L’esposizione si è tenuta nell’ambito della Milano Music Week
Si è conclusa da qualche giorno la settima edizione della Milano Music Week, kermesse scandita da innumerevoli appuntamenti che hanno reso il capoluogo lombardo una vera e propria capitale della musica con concerti, conferenze, workshop ed altri momenti di incontro rivolti sia al pubblico che ai professionisti del settore. Uno degli eventi più significativi è stato indubbiamente la mostra WHO ARE YOU, dedicata al sessantesimo anniversario della nascita della band britannica, curata da Luciano Bolzoni e tenutasi presso l’Ex Fornace Gola, in zona Navigli, dal 22 al 26 novembre. Solo cinque giorni, è vero, ma grandi sono le emozioni suscitate dall’allestimento e notevole è stata l’affluenza di pubblico, con oltre 400 persone all’inaugurazione, tanto da far auspicare che la mostra possa diventare a breve itinerante, con altri appuntamenti in giro per l’Italia e oltre confine per il 2024.

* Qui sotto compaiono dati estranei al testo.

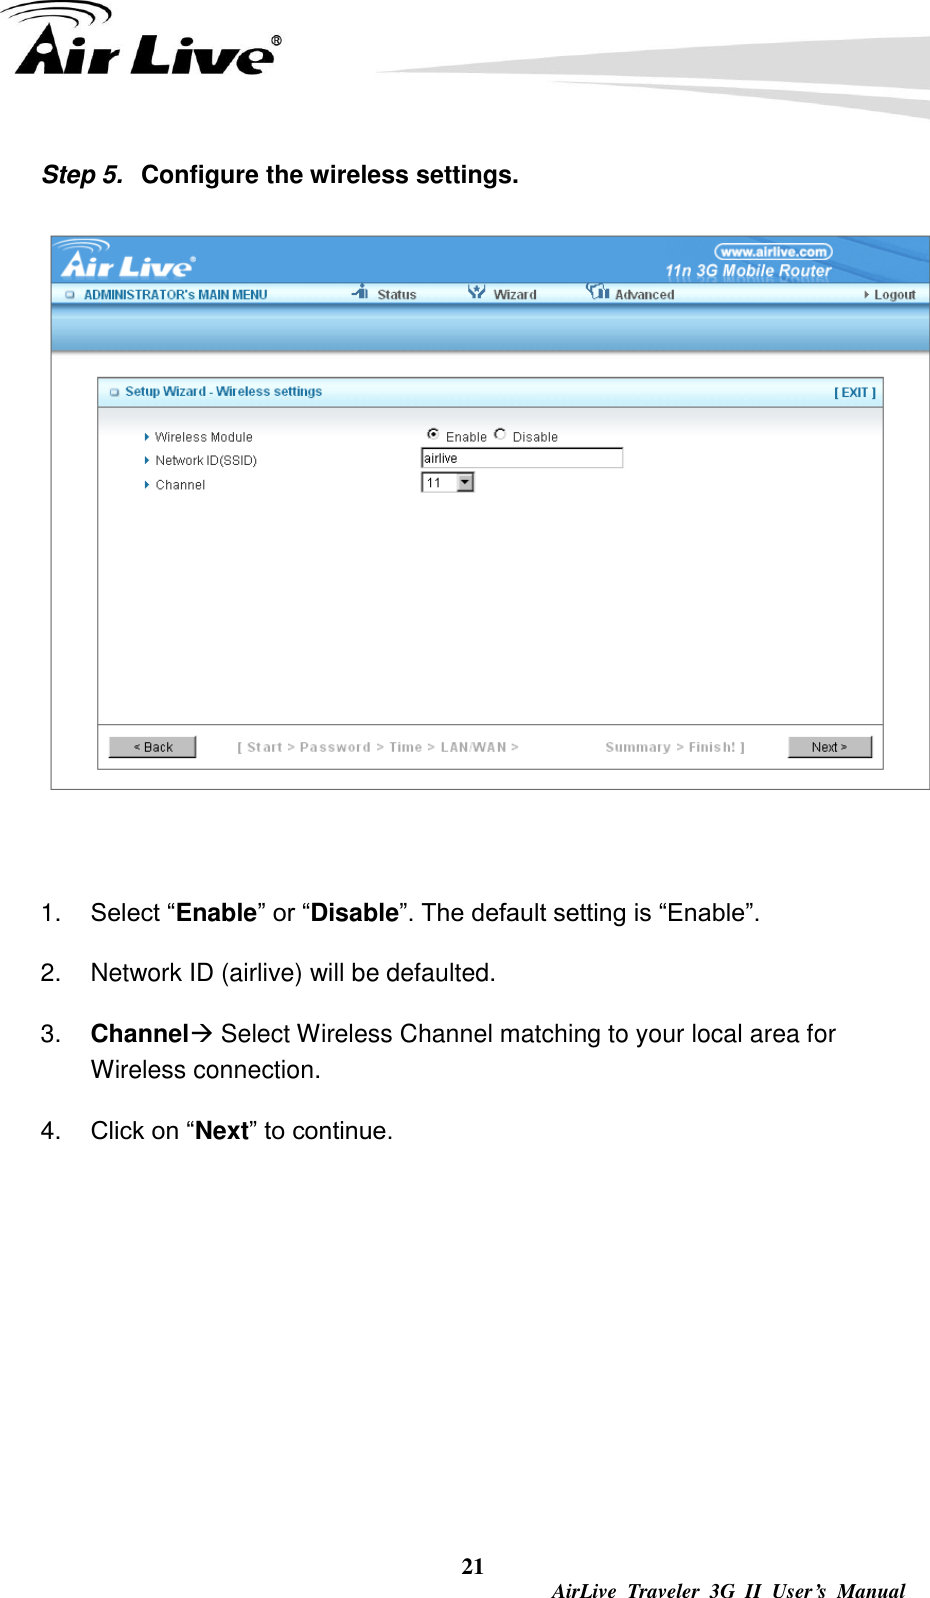  21  AirLive  Traveler  3G  II  User’s  Manual Step 5.  Configure the wireless settings.   1. Select “Enable” or “Disable”. The default setting is “Enable”. 2.  Network ID (airlive) will be defaulted. 3. Channel Select Wireless Channel matching to your local area for Wireless connection. 4. Click on “Next” to continue.       
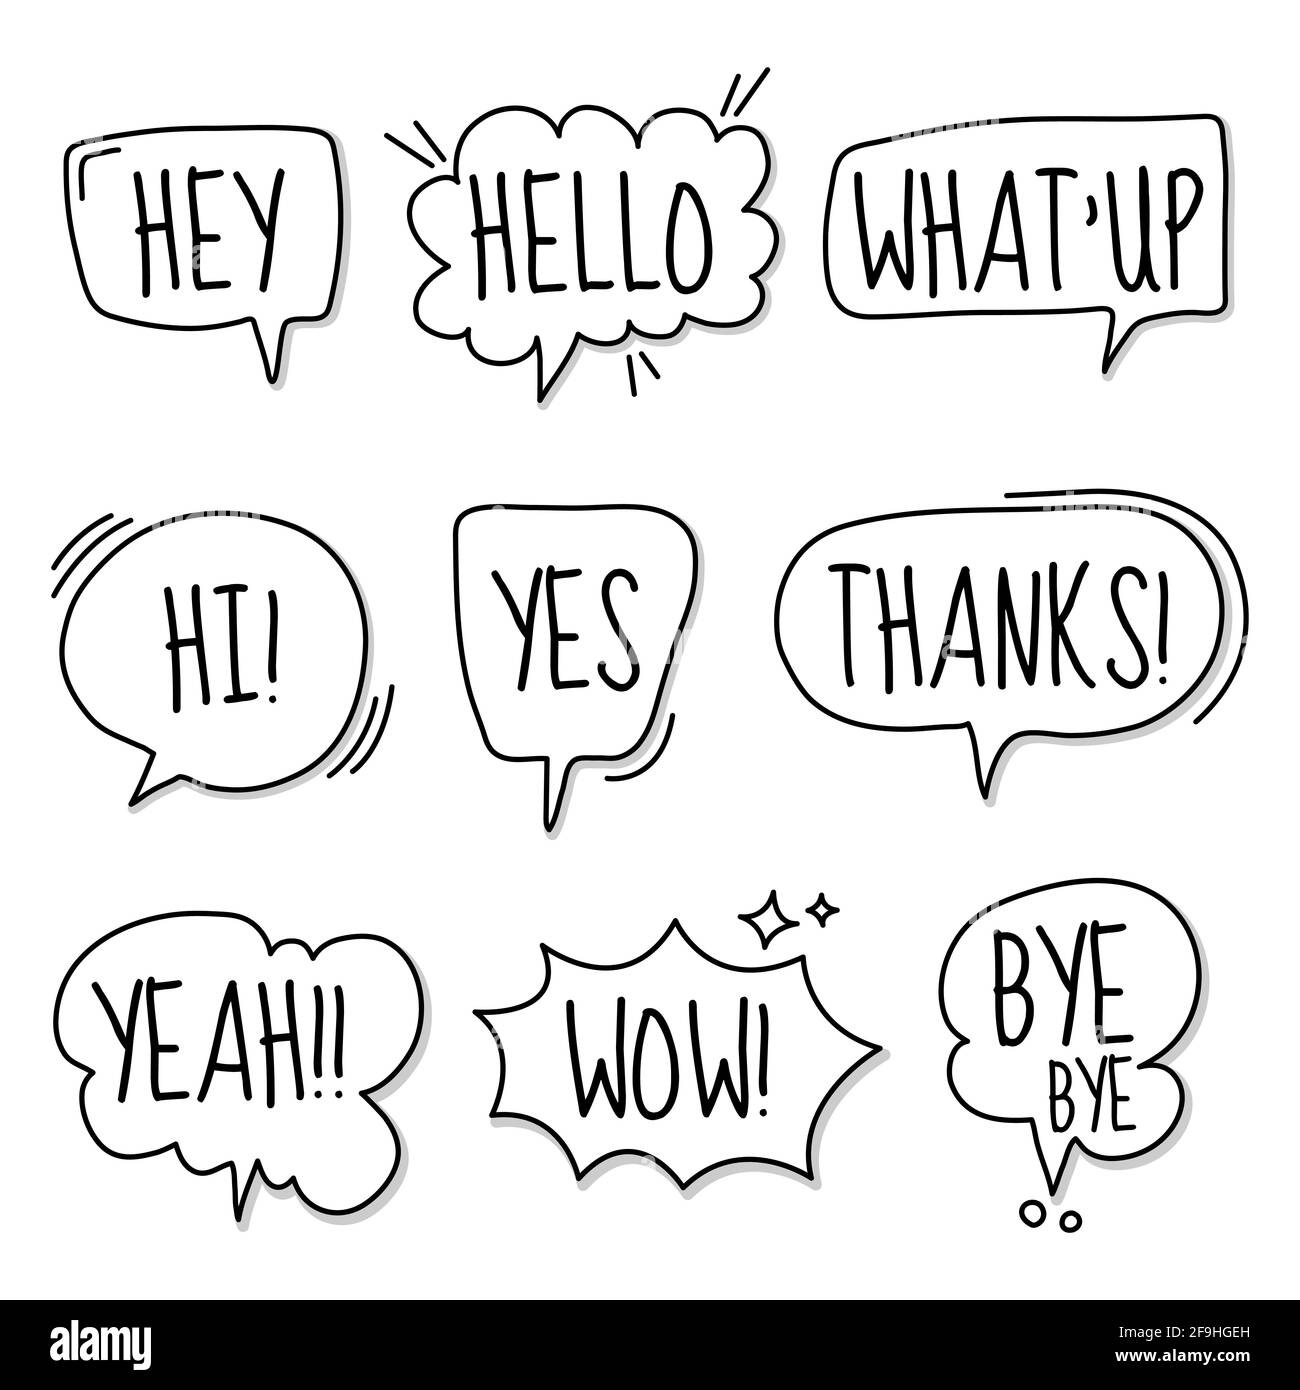 Black and white doodle hand drawn speech bubble vector illustration. Stock Vector

Bolzoni, curatore di mostre d’arte per professione, è un grandissimo appassionato degli Who, che considera, insieme ai Beatles e ai Rolling Stones, come uno dei tre membri di quella “trinità rock” che ha rivoluzionato il panorama musicale europeo e mondiale a partire dai primi anni Sessanta. L’idea di mettere in piedi un allestimento dedicato alla sua band preferita è nata durante una conversazione telefonica di qualche tempo fa con Eugenio Finardi, che per l’occasione gli cantò My Generation con tanto di imitazione vocale del basso di Entwistle. Luciano ha avuto modo di conoscere la band da ragazzino e di assistere per la prima volta ad un loro concerto nel 1979, all’Arena di Frejus (Keith Moon, scomparso l’anno prima, era allora stato sostituito da Kenney Jones) e, nei decenni successivi, a molti altri, fino al recente live al Forum di Assago (2016) e all’ultimo di quest’anno, a Firenze Rocks. Parallelamente ha iniziato la sua collezione di dischi e altri cimeli della formazione britannica, molti dei quali esposti in mostra.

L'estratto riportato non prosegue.